ESET has identified PromptLock, the first AI-powered ransomware, using OpenAI models to generate scripts that target Windows, Linux and macOS.
It was only a matter of time before artificial intelligence became a building block for cybercriminals. This week, researchers at ESET revealed what they are calling the first known AI-powered ransomware, a prototype dubbed PromptLock, which uses an open-weight AI model from OpenAI to generate malicious code on the fly.
Rather than carrying a static payload, PromptLock calls on the gpt-oss:20b model through the Ollama API, enabling it to write and execute Lua scripts directly on a compromised system. These scripts can scan directories, inspect files, exfiltrate selected data, and encrypt the results, all without the need for prepackaged binaries. That flexibility gives attackers a level of adaptability not commonly seen in traditional ransomware.
The malware is written in Golang, making it cross-platform, and ESET has already spotted both Windows and Linux samples uploaded to VirusTotal. Because Lua is lightweight and portable, it allows PromptLock to reach further than its usual victims and run on systems often neglected by ransomware operators, including macOS and consumer Linux devices.
Interestingly, researchers noted that while PromptLock can exfiltrate and encrypt files, but its ability to destroy data has not yet been implemented. This, along with several rough edges in the code, suggests that it is a proof-of-concept or work-in-progress rather than a live campaign targeting organisations.

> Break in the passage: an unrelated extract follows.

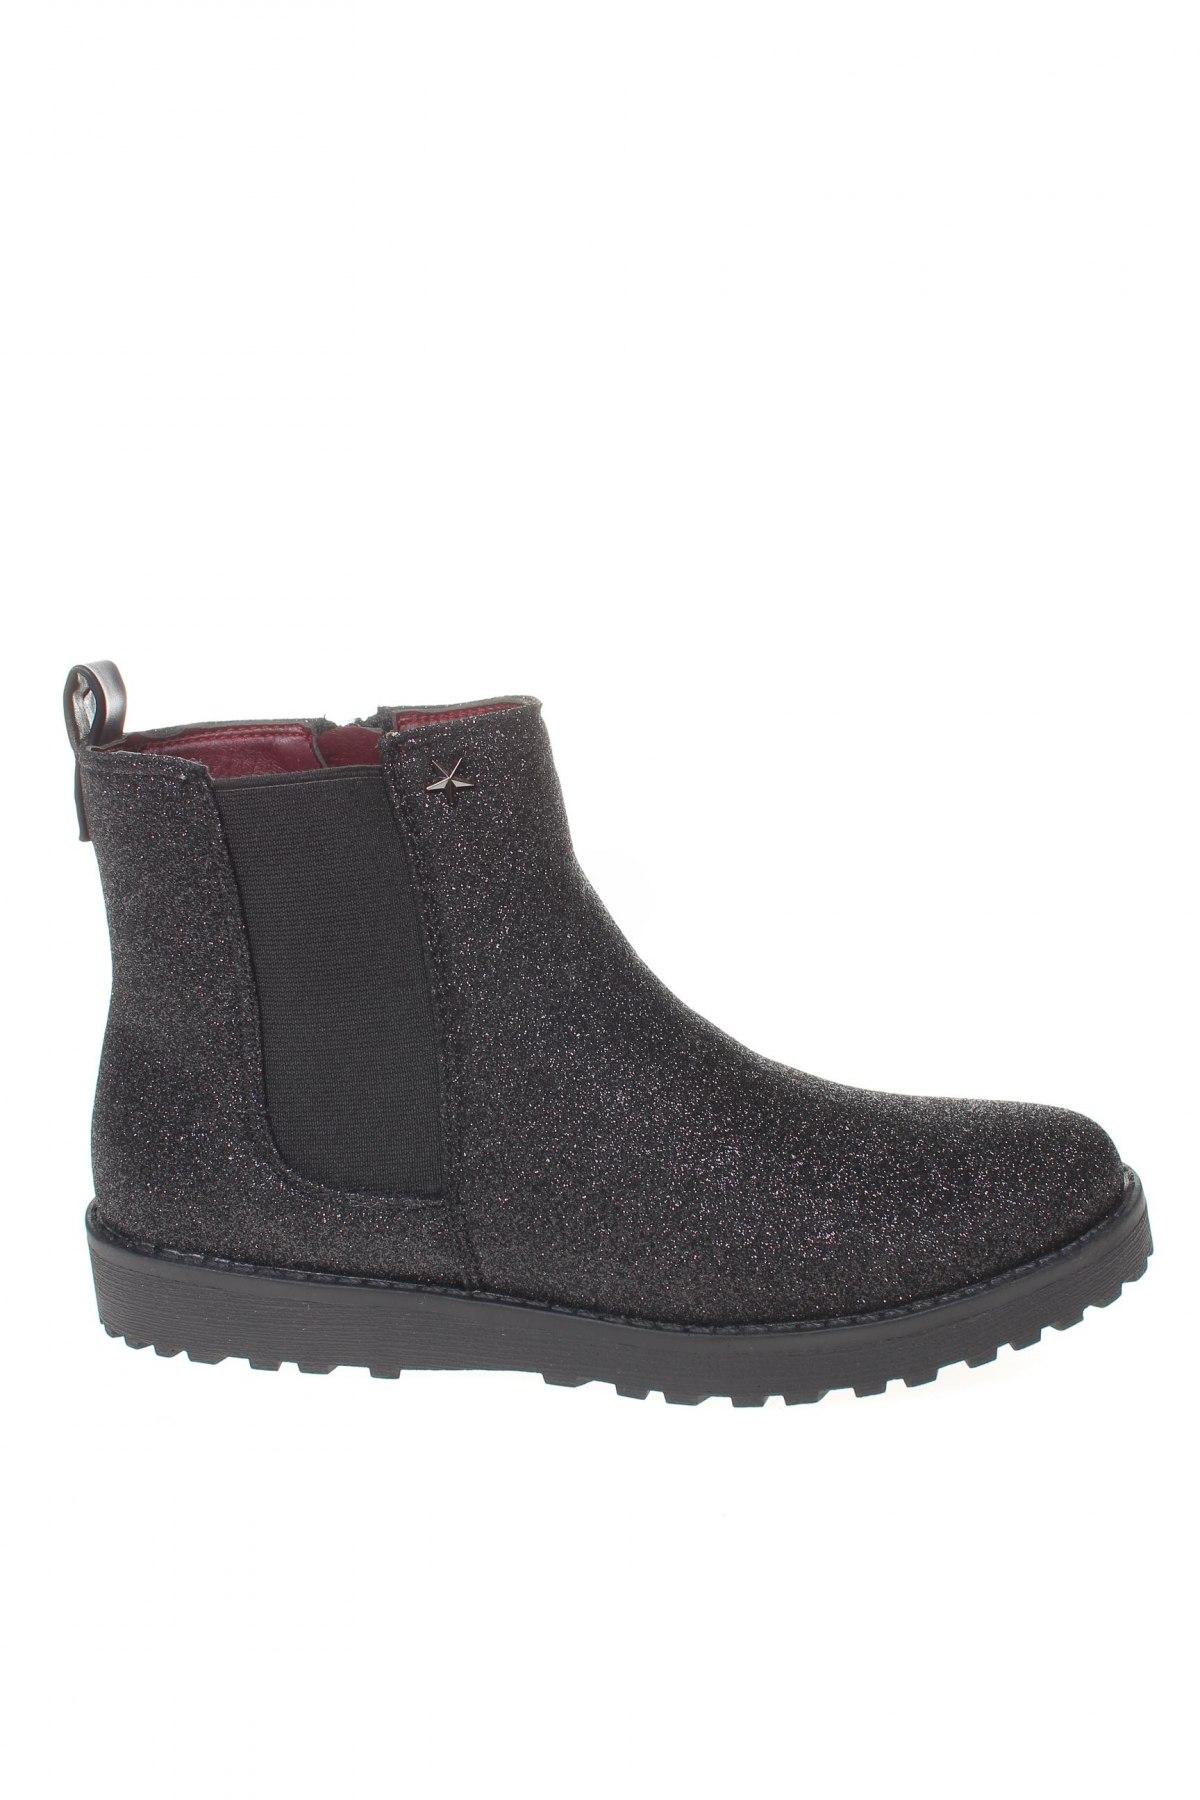 Παιδικά παπούτσια Gioseppo, Μέγεθος 34, Χρώμα Μαύρο, Δερματίνη, Τιμή 12,85€

ESET’s findings add to worries that AI-driven malware could make cyberattacks faster and larger-scale. Just as machine learning has already been used to create more convincing phishing lures and deepfake content, models can also be adapted to handle tasks such as reconnaissance, persistence, or data theft. PromptLock shows that ransomware authors are already experimenting with this approach.
Commenting on the discovery, Nathan Webb, principal consultant at Acumen Cyber, explained why this development should not be dismissed as a simple lab experiment: “This is possibly the first instance of an AI-powered piece of ransomware observed in the wild. Rather than come with a payload, the malware uses ChatGPT to write Lua scripts on the fly, which gives it information about the local system and allows it to view files, exfiltrate data, and ultimately encrypt the system.”
“The use of Lua here suggests that attackers are trying to make the ransomware platform-agnostic, so that they can target a wider range of systems and environments, especially those not traditionally targeted due to their low market share, like Apple devices, and consumer Linux devices,” Nathan pointed out.
Webb also pointed out that defending against such threats will require new thinking around script interpreters and OS-level tools. Security vendors will need to improve detection mechanisms that can separate legitimate scripts from malicious ones, using their own machine learning models to deobfuscate and analyse behaviour in real time.